Джула наконец проняло. Он делал все, что положено врачу, и радовался, ощутив вкус настоящей работы. Такое благодеяние оказал стервецу, а он еще кобенится! Он холодно произнес:
— Послушайте, мистер Фонтейн. Во-первых, я вам не «любезный». Я — доктор медицины, и потрудитесь называть меня «доктор». Далее. Да, я сообщил вам чрезвычайно приятную новость. Когда я вас привел сюда, я был уверен, что на связках злокачественное новообразование и нужно будет удалять всю гортань. Если вообще уже не поздно. Я волновался, как бы не пришлось сообщить вам, что вы покойник. Вот почему я с таким восторгом сказал «бородавки». Оттого что вы столько удовольствия мне доставляли своим пением, сколько свиданий в молодые годы у меня завершилось благодаря ему успехом, — оттого что вы подлинный артист. Но вместе с тем и человек, крайне испорченный славой. Вы думаете, раз вы Джонни Фонтейн, то у вас рака быть не может? Или неоперабельной опухоли мозга? Или инфаркта? Думаете, что вы не умрете никогда? Что на приятной музыке свет клином сошелся? Горя вы не видели, вот что. Прогуляйтесь по этой больнице — и вы серенады будете петь своим бородавкам. А потому кончайте валять дурака и делайте, что положено. Пусть ваш лжемедик, этот Адольф Менжу в роли врача, найдет вам приличного хирурга, но если сам вздумает соваться в операционную, я вам советую заявить в полицию, что совершено покушение на вашу жизнь.
Он круто повернулся и пошел к двери. Валенти за его спиной произнес:
— Молодчина, док, так его!
Джул оглянулся на него:
— Скажите, а вы каждый день надираетесь с утра пораньше?
— Ага.
Нино Валенти ухмылялся так добродушно, что Джул сказал ему мягче, чем собирался:
— Имейте в виду, от силы лет пять протянете, если будете продолжать в том же духе.
Валенти, пританцовывая с тяжеловесной грацией, двинулся к нему. Обхватил Джула за плечи, обдав его густой струей перегара.
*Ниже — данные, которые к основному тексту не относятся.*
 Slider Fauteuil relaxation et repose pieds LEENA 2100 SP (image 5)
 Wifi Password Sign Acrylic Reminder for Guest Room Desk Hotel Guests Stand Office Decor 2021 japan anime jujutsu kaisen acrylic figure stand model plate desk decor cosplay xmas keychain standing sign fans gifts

Его распирало от веселья.
— Пять лет? — переспросил он, задыхаясь от смеха. — Родимые мои, да почему ж так долго?
Через месяц после операции Люси Манчини сидела у плавательного бассейна лас-вегасской гостиницы, держа в одной руке стакан с коктейлем, а другой приглаживая кудри Джулу Сегалу, положившему ей голову на колени.
— Хочешь глотнуть для храбрости? — поддразнивал ее Джул. — Не обязательно, в номере у меня припасено шампанское.
— А ты уверен, что ничего так скоро? — спросила Люси.
— Послушай, с врачом имеешь дело! Великий день настал. Ты хоть соображаешь, я буду первый в истории медицины хирург, который проверил на себе результаты своей сенсационной операции? Как говорится, до и после. Заранее предвкушаю, как буду это описывать в статье для научного журнала. Значится, так — «если неоспоримую приятность «до» мы объясним причинами психологического свойства и глубиной познаний инструктора-хирурга, то coitus в послеоперационный период обязан своими высокими качествами исключительно неврологическим…» — на этом месте у Джула вырвался негодующий вопль, так как Люси больно дернула его за вихор.
— Во всяком случае, если тебе не понравится, имею полное право сказать, что сам виноват. — Она посмотрела на него сверху вниз, улыбаясь.
— Фирма работает с гарантией. Замысел — мой, старику Келнеру я просто дал возможность заняться физическим трудом… Ну, отдыхаем, впереди долгая ночь научных изысканий.
Когда они поднялись к себе в люкс — они теперь жили вместе, — обнаружилось, что Люси поджидает сюрприз: сногсшибательный ужин, а рядом с ее бокалом для шампанского, в футляре от ювелира, — обручальное кольцо с огромным бриллиантом.
— Видишь, как я уверен в качестве своей работы, — сказал Джул. — Поглядим теперь, как ты оправдаешь эту уверенность.
Он был очень нежен с нею и очень осторожен. Ей поначалу было немного боязно, невольно плоть ее отпрянула от его прикосновенья — потом, осмелев, она почувствовала, как ее страсть набирает доселе не изведанную силу, — и, когда первоначальное «изыскание» подошло к концу и Джул прошептал:
— Ну, мастер я своего дела?
Люси, тоже шепотом, горячо подтвердила:
— Да, да, и еще раз да!
И оба прыснули, вновь приступая к процессу «изысканий».